Material for this exercise:
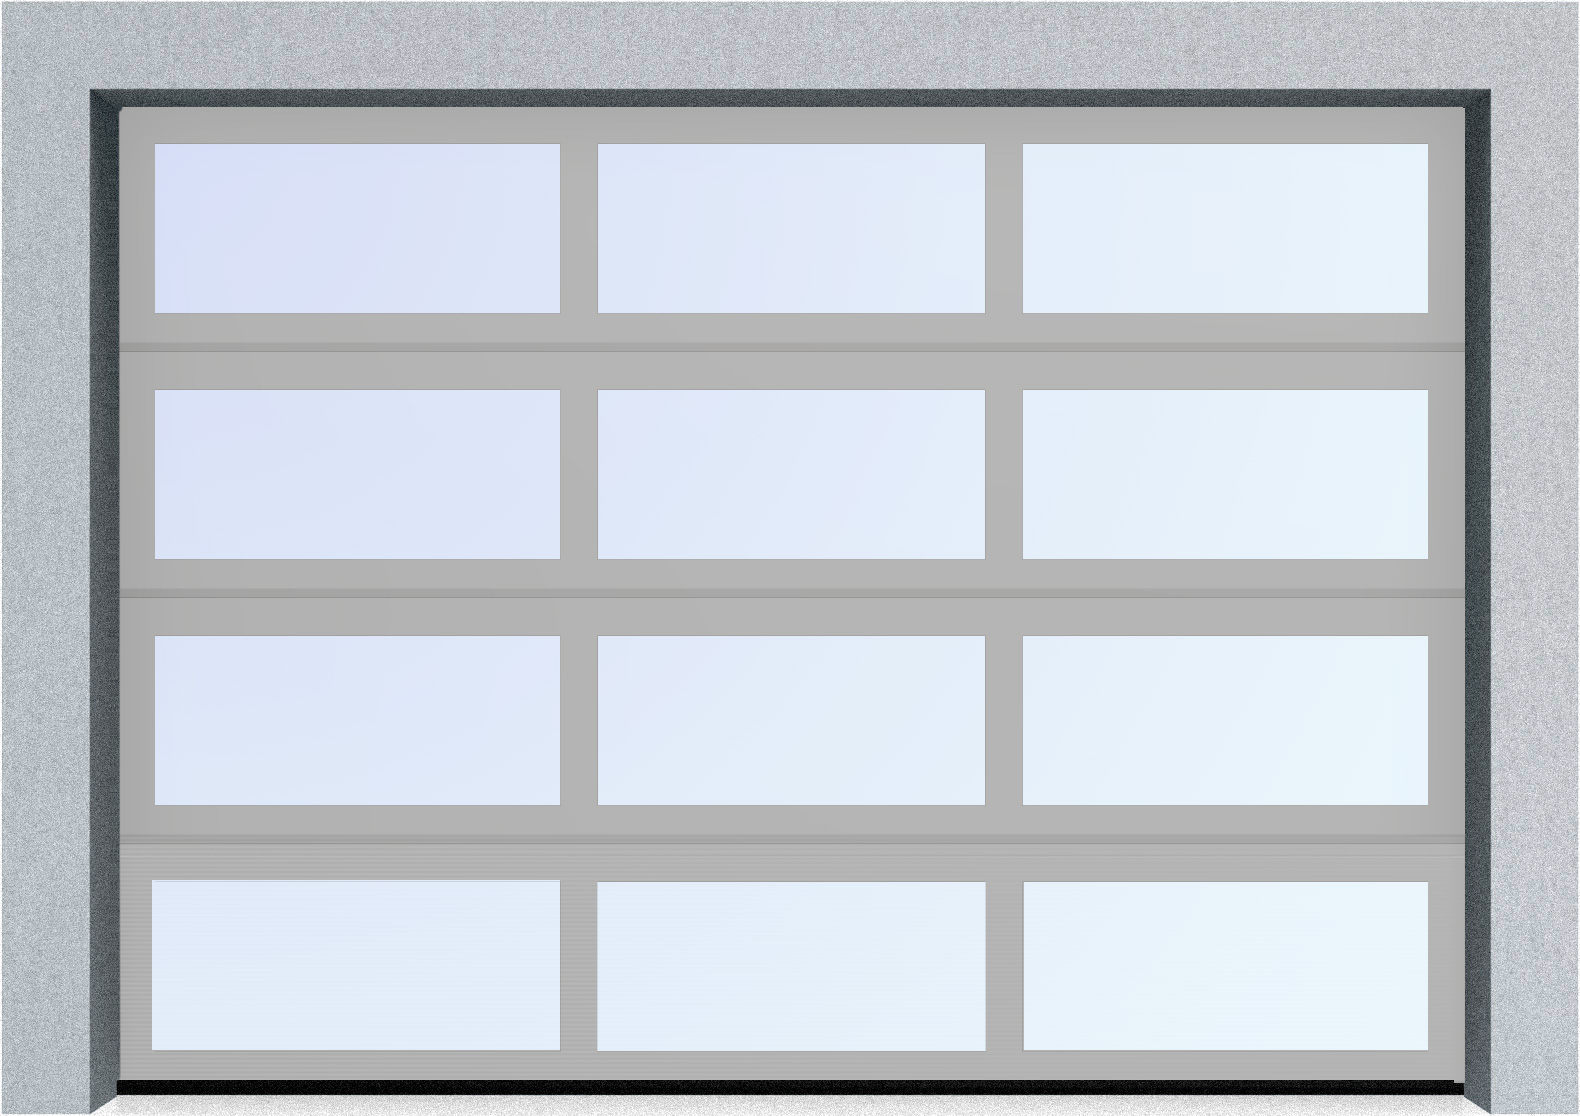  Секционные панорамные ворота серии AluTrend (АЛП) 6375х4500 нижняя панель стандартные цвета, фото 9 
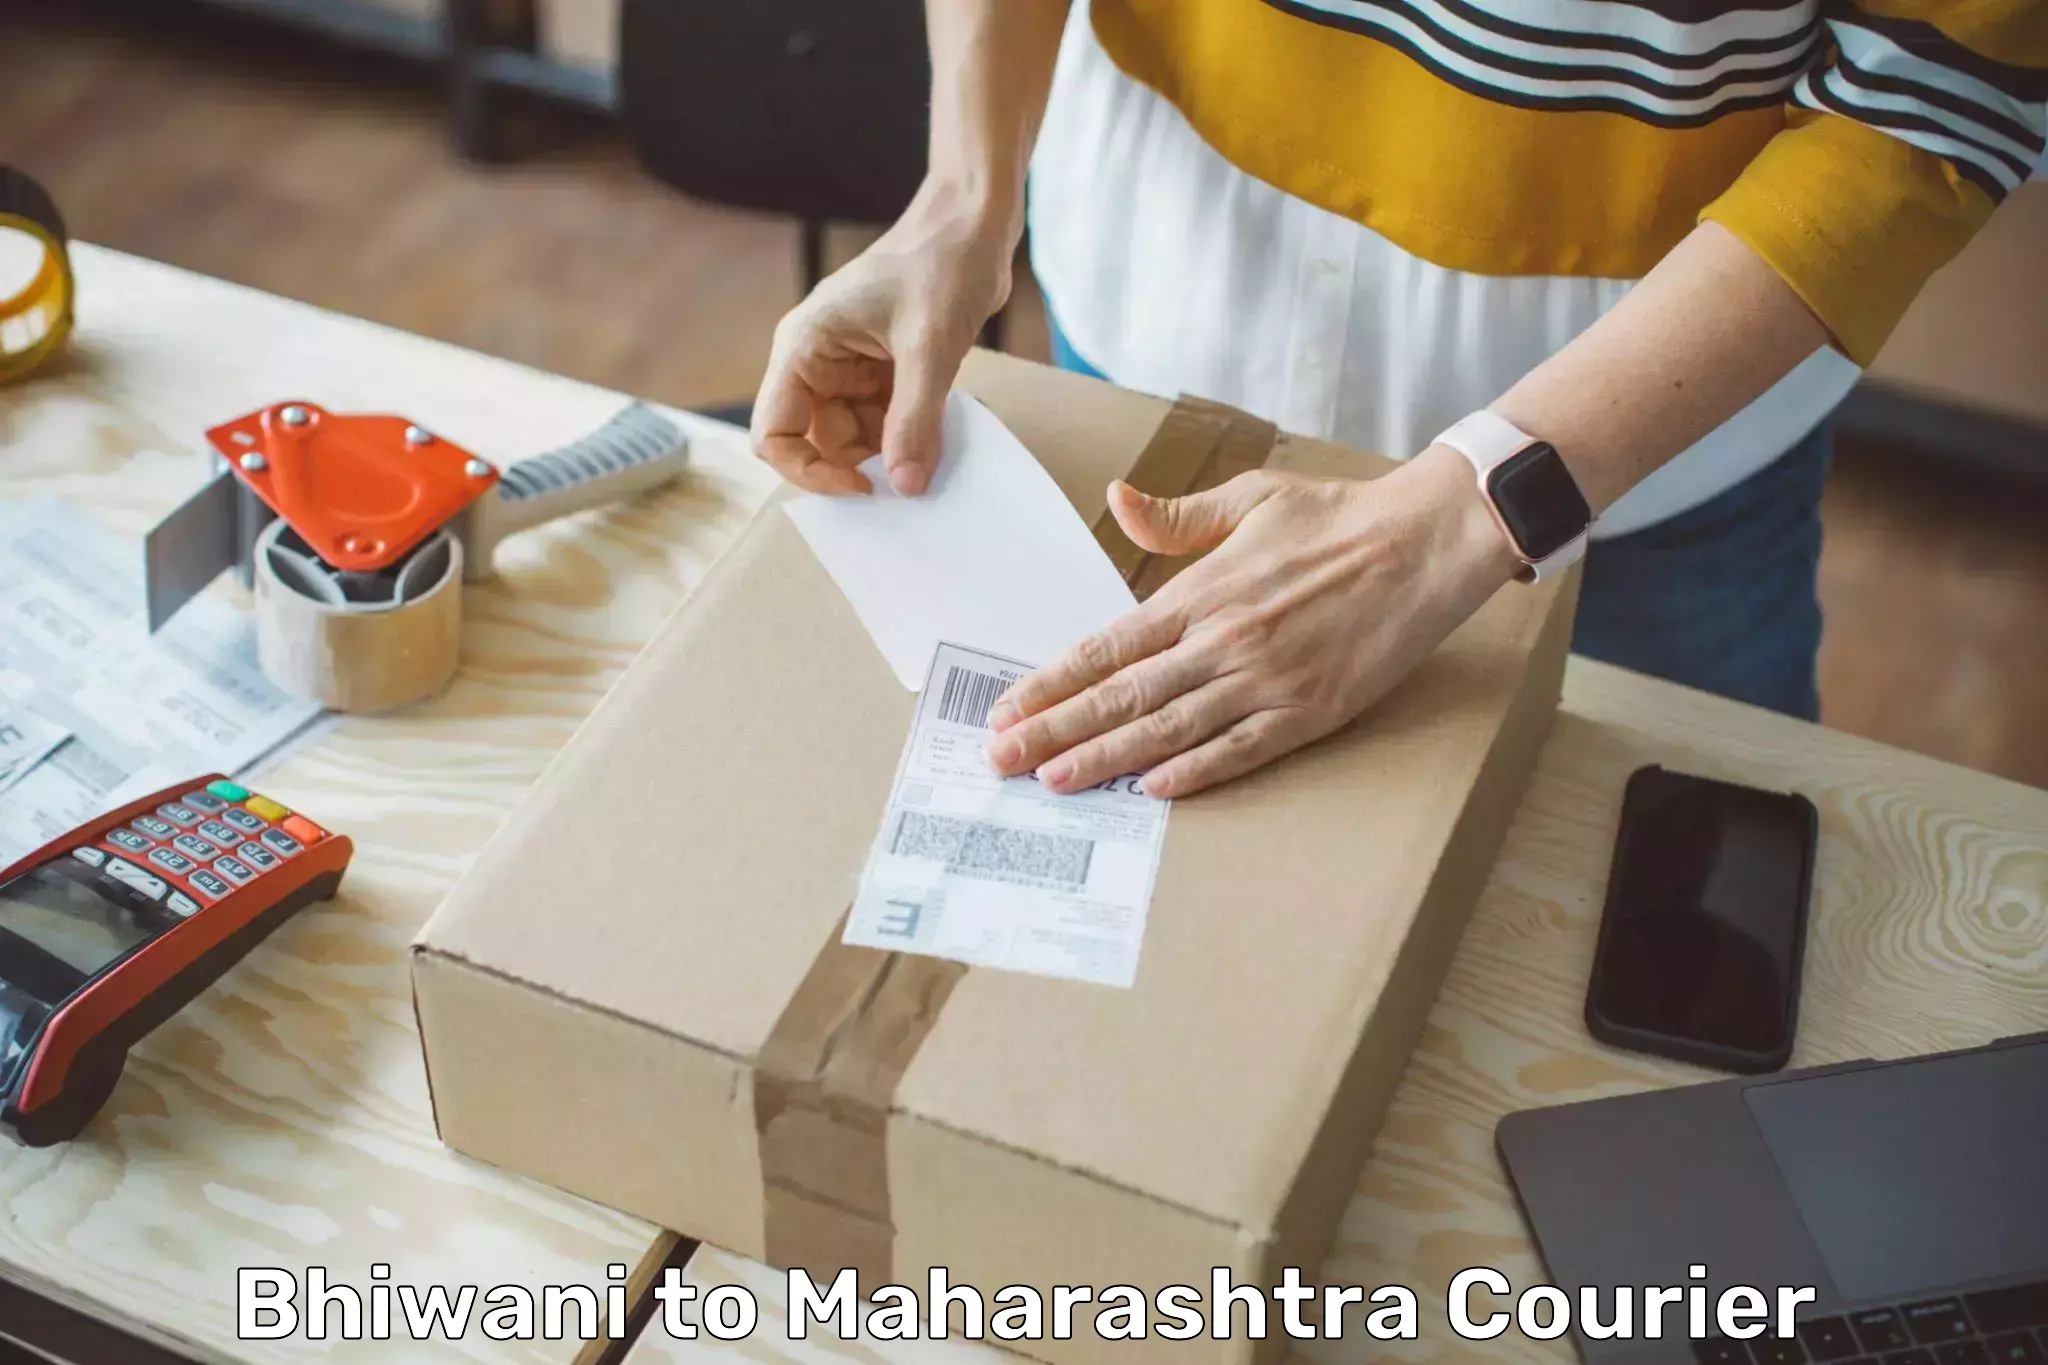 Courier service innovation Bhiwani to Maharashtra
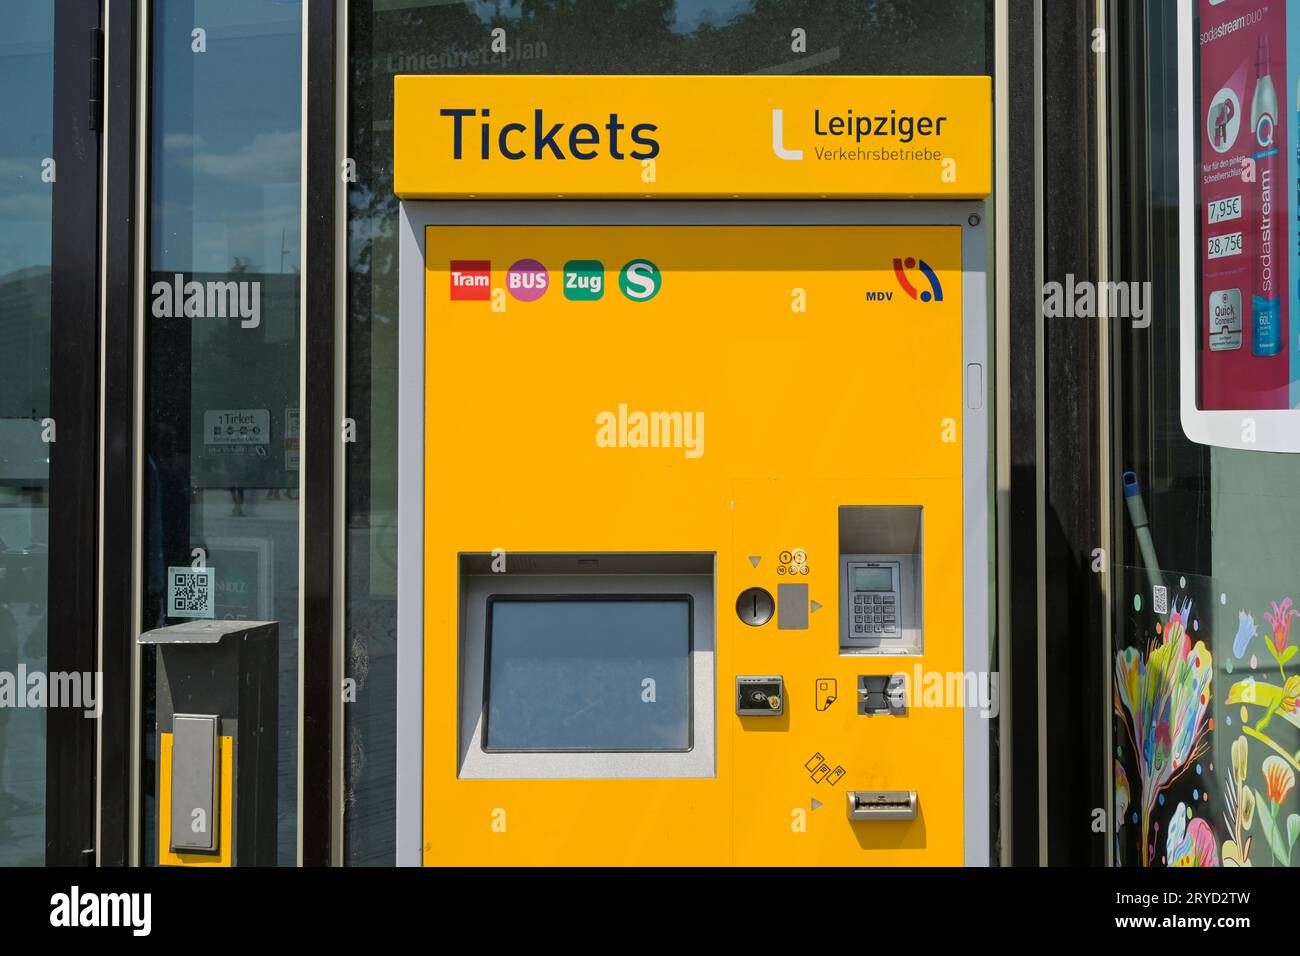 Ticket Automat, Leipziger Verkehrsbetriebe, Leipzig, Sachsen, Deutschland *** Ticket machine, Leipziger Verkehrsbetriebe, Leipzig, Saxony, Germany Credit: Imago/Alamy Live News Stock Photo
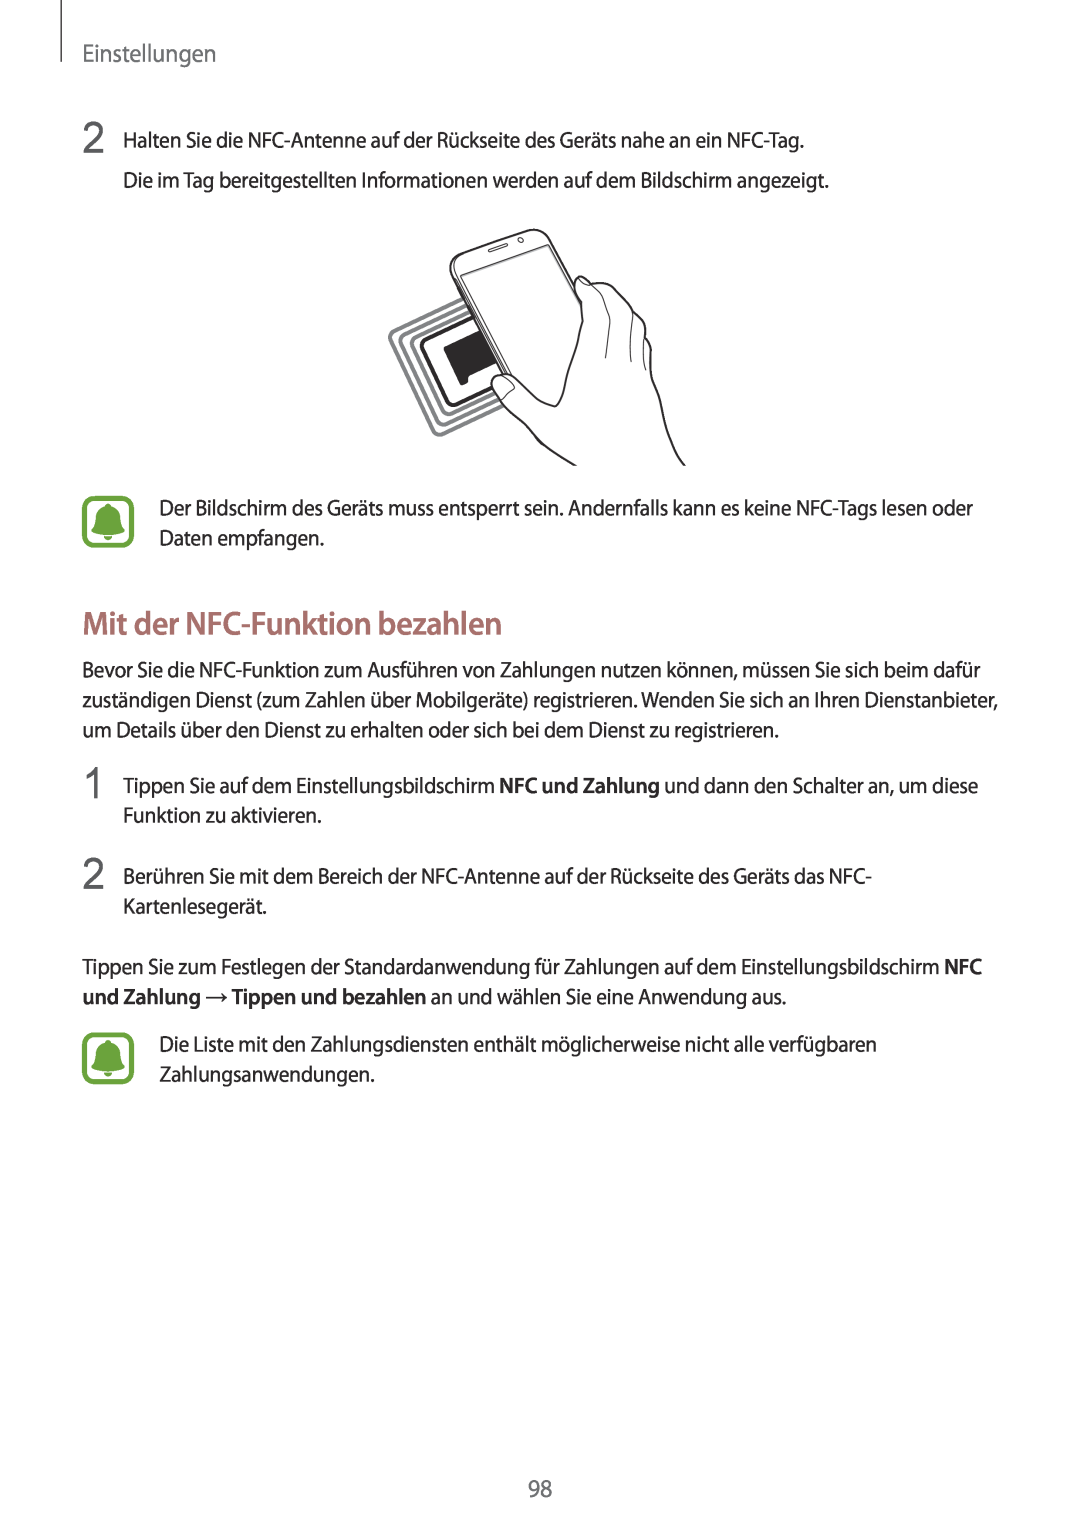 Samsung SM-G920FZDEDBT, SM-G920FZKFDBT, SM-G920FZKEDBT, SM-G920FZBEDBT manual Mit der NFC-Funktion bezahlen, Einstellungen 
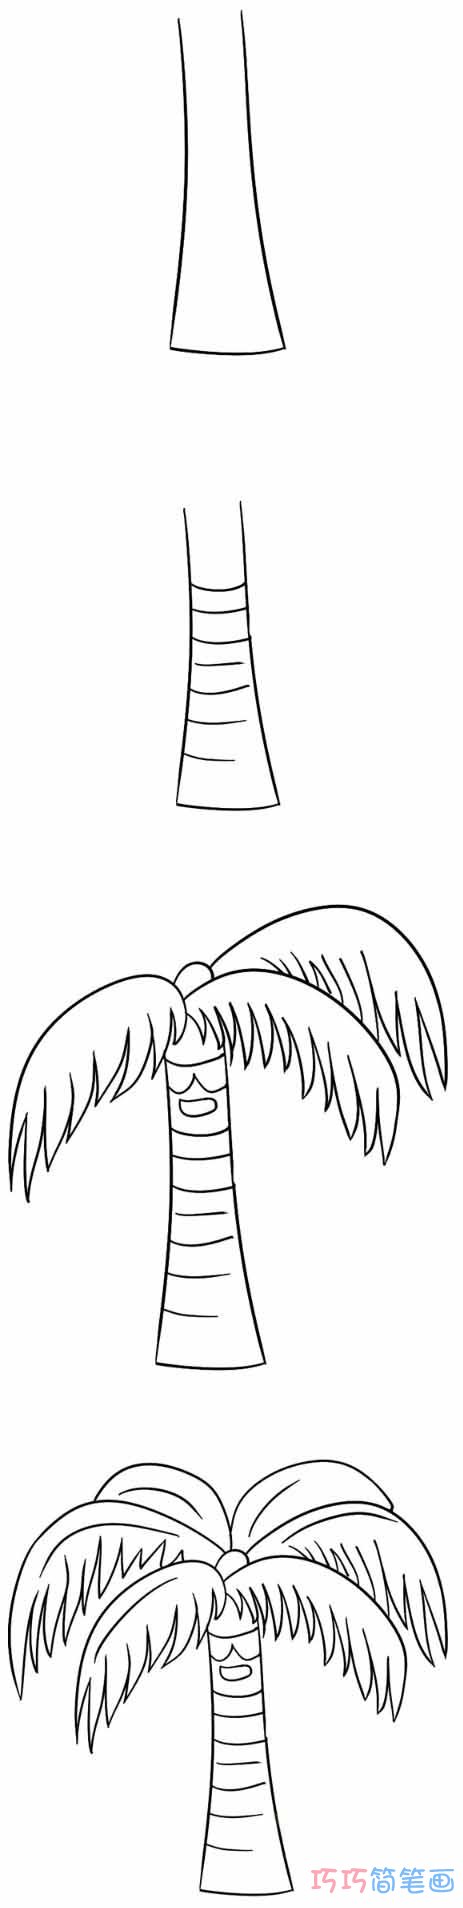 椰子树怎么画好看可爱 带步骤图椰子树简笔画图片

Exercise objective:
Excluding pictures, reproduce the listing above exactly as it stands.

Written solution:
  Секционные панорамные ворота серии AluTrend (АЛП) 6375х4500 нижняя панель стандартные цвета, фото 9 
 Courier service innovation Bhiwani to Maharashtra
 Ticket Automat, Leipziger Verkehrsbetriebe, Leipzig, Sachsen, Deutschland *** Ticket machine, Leipziger Verkehrsbetriebe, Leipzig, Saxony, Germany Credit: Imago/Alamy Live News Stock Photo
 Samsung SM-G920FZDEDBT, SM-G920FZKFDBT, SM-G920FZKEDBT, SM-G920FZBEDBT manual Mit der NFC-Funktion bezahlen, Einstellungen 
 椰子树怎么画好看可爱 带步骤图椰子树简笔画图片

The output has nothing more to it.